The suspension of the tennis season has given tennis fans time for a number of side projects. In this post, I share the story of my side endeavour to make a central database of the results of all Grand Slams singles matches ever played. Thanks to Wikipedia and weeks of data wrangling, I can now share the first analysis on this blog that includes the entire history at the Majors: an analysis of the longest matches of all time.

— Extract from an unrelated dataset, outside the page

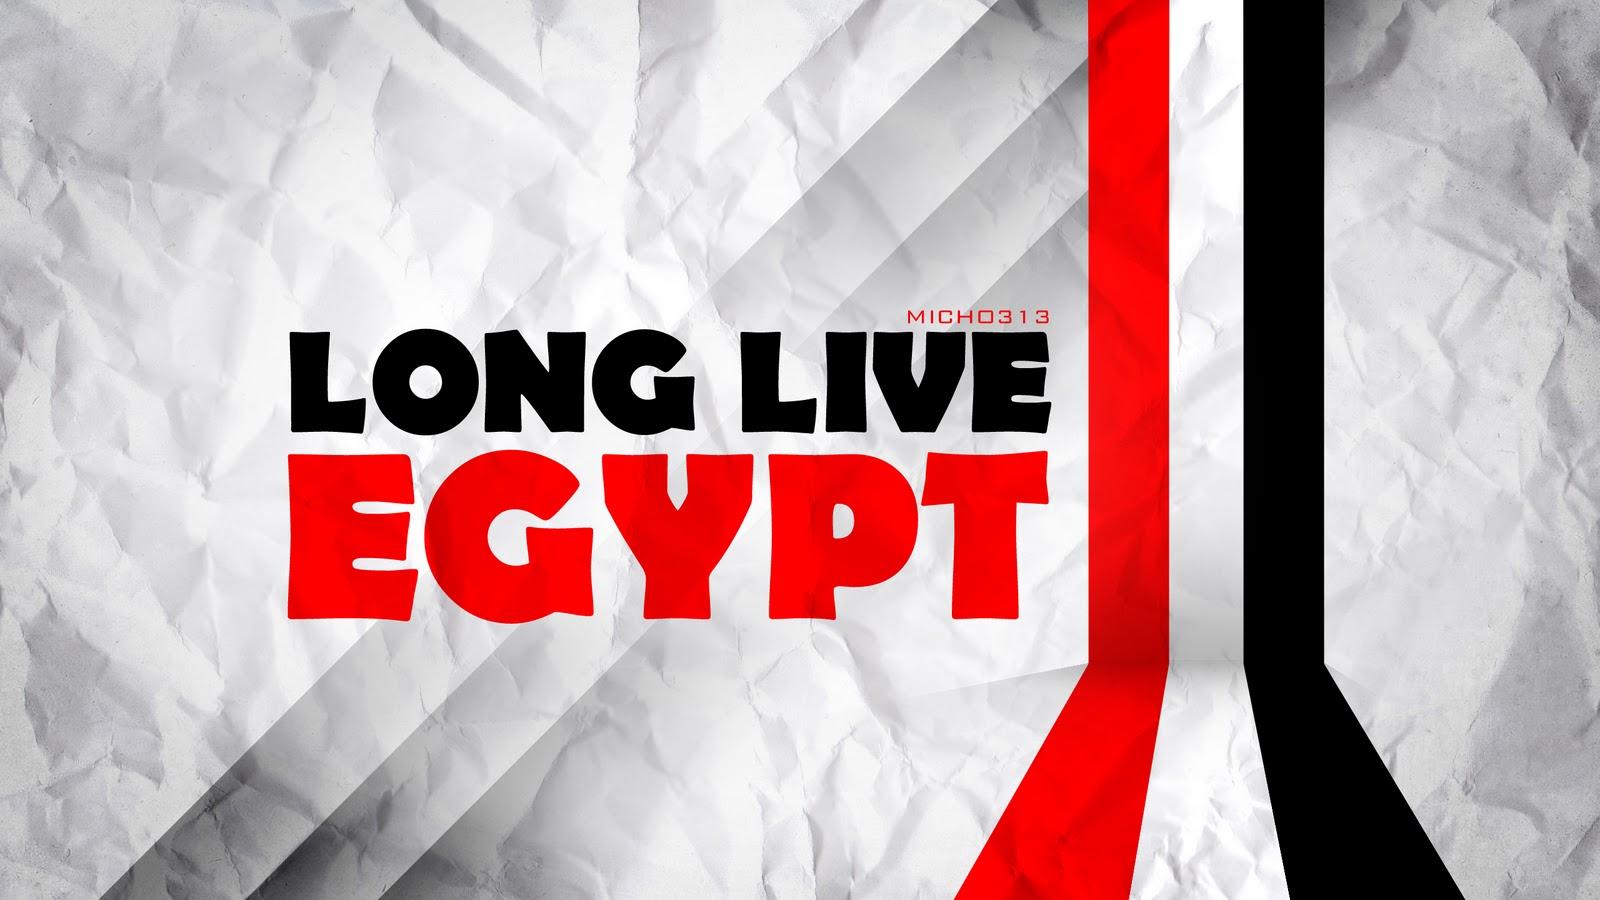 http://2.bp.blogspot.com/_AxB24Csaycc/TVGLRkbF1UI/AAAAAAAAAIU/DijqUAiIb90/s1600/Egypt+wall+paper+copy.jpg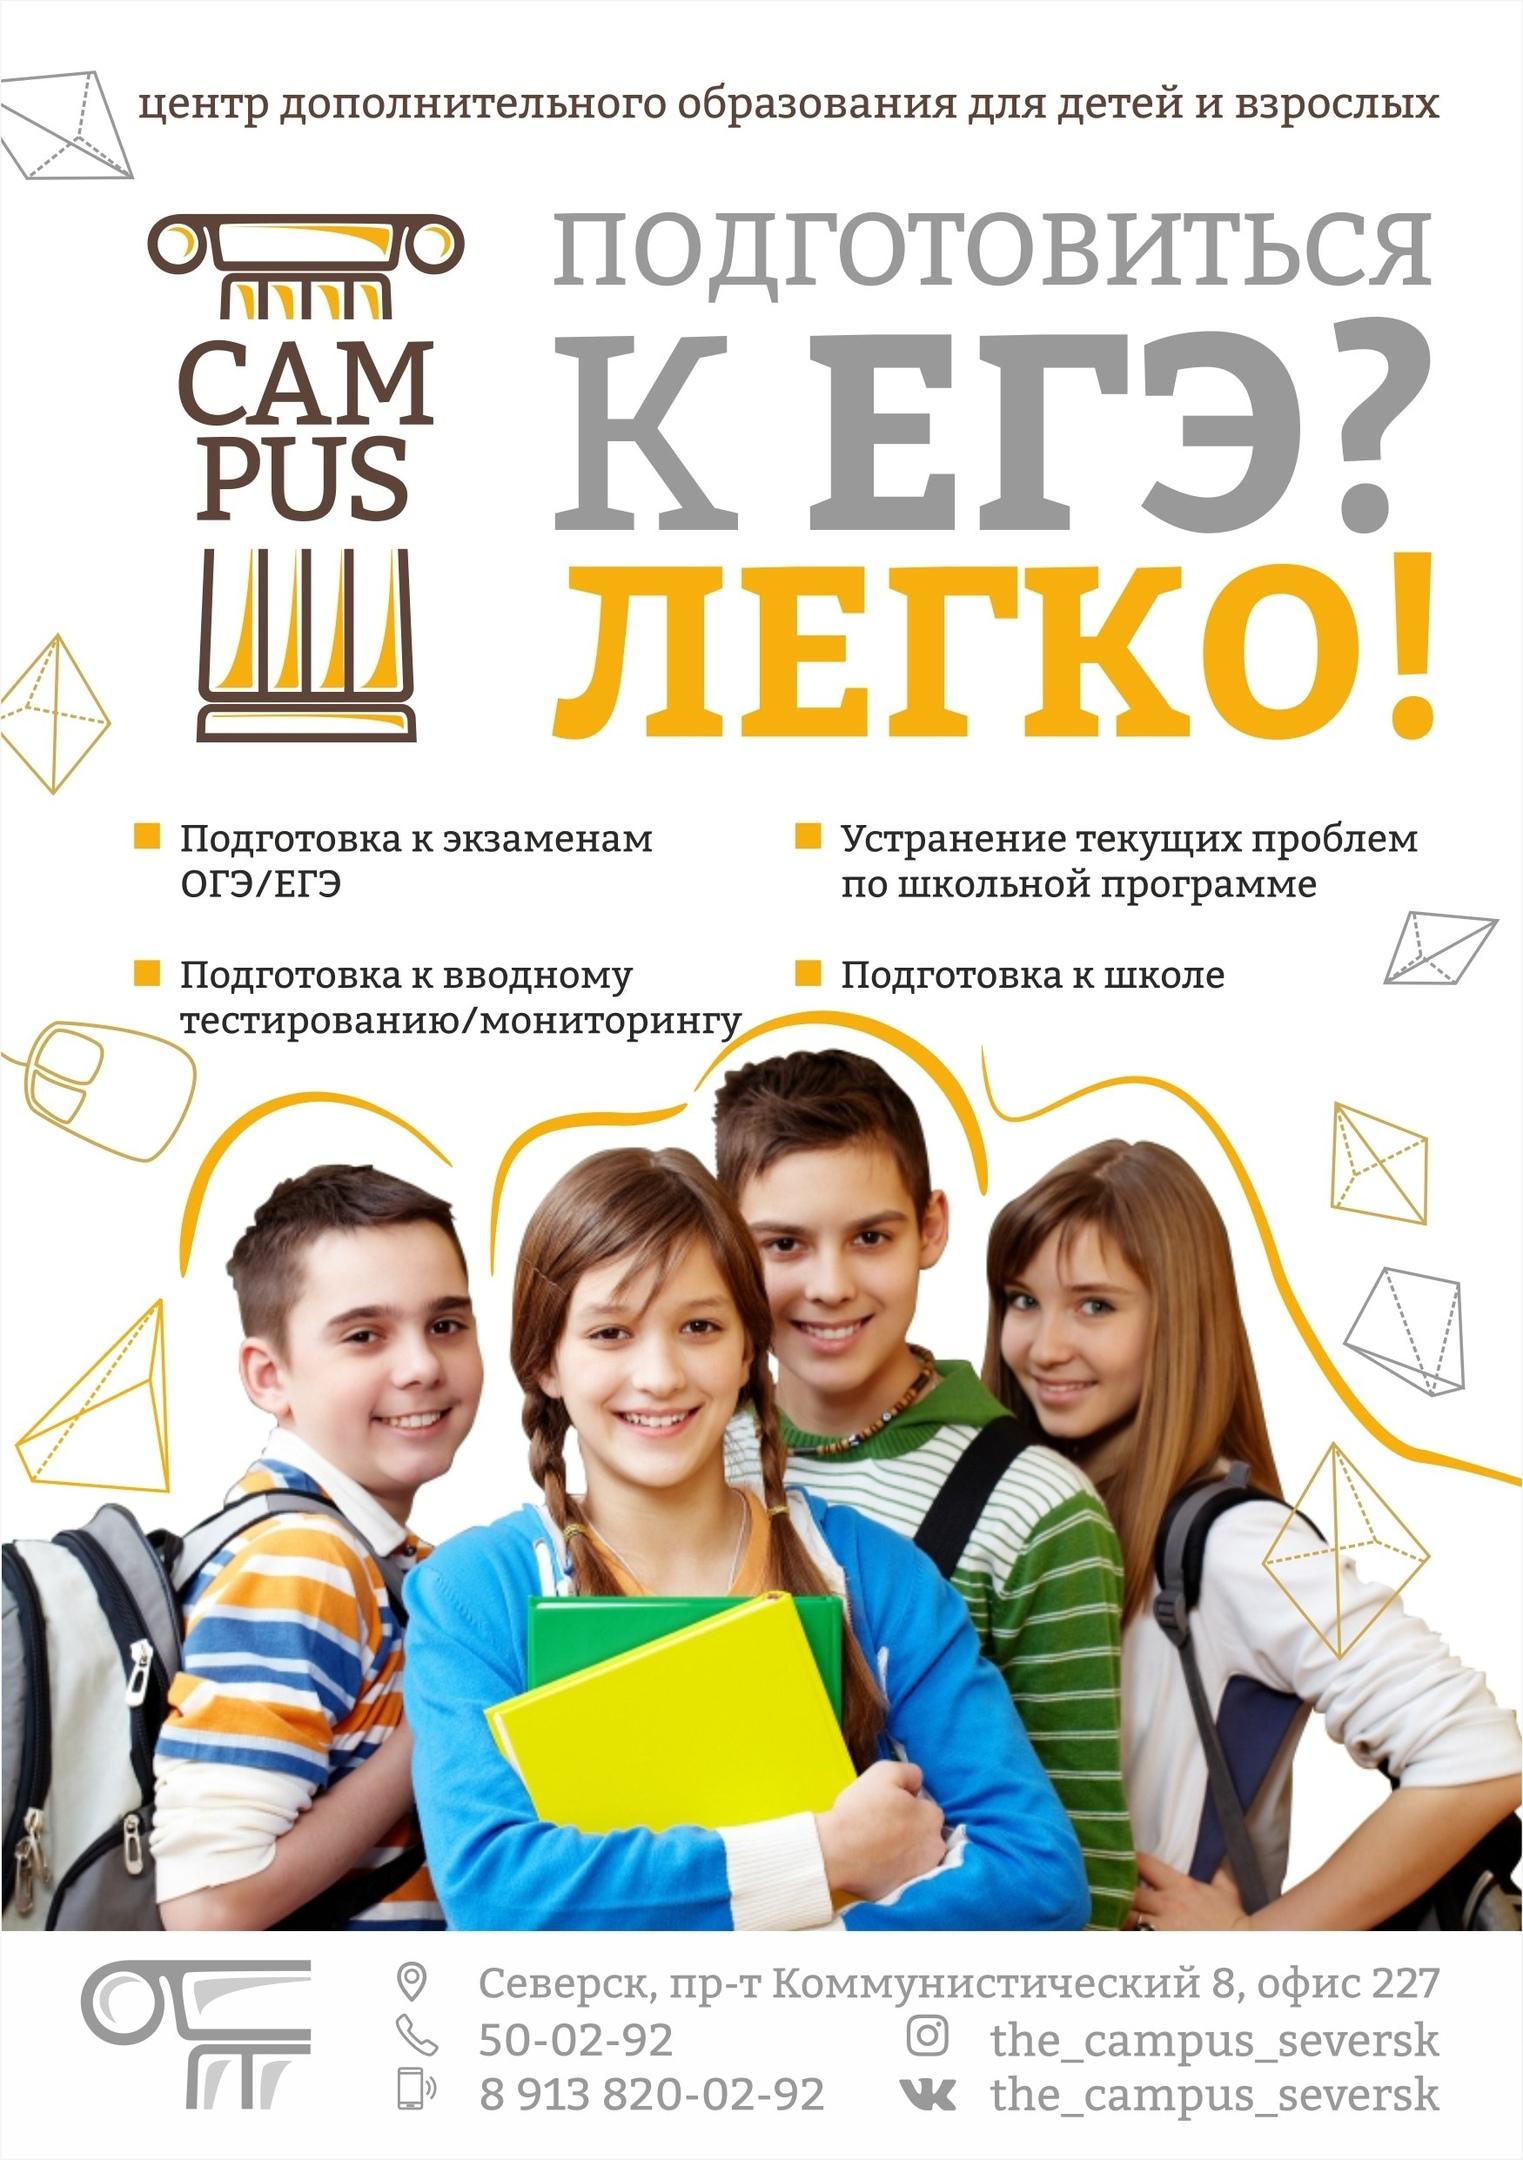 Образовательный центр The Campus в Северске проводит набор в группы подготовки к ОГЭ/ЕГЭ по всем предметам школьной программы

Many weeks ago I naively embarked on the project of scraping all Grand Slam draws from the pages of Wikipedia. Thanks to Wikipedia’s Grand Slam Project, there is a page with singles match results for every men’s and women’s major, from the first match played at the 1877 Wimbledon Championship thru to the finals of the 2020 Australian Open.
Changes in tournament structure over time and peculiarities in how editors tabulated those results across the event pages made scraping a more onerous task than I had hoped. It wasn’t a pretty process and I thought about throwing in the towel a number of times. But, if the editors of Wikipedia could put in the time to put this data together, I could soldier on for the sake of tennis history.
The results of those efforts is the repo wikidraws. There you can find both the scraping programs and the current sets of datasets organized by event. In addition to the event data, the datasets include the games won by each player as well as tiebreak points, where tiebreaks were played.
I took some pains to validate the match data. There were multiple instances where my checks revealed mistakes on the Wiki pages that, after verifying from the primary source, I corrected manually. I feel quite confident in the information that is there, but I suspect there may still be some errors or incomplete information. So all suggested corrections are welcome.
Now, you might ask why anyone needs the
wikidraws database when we already have the information on Wikipedia. The main reason is that without having all of that information in one place, where it can be simultaneously queried, the kinds of questions we can ask are pretty limited.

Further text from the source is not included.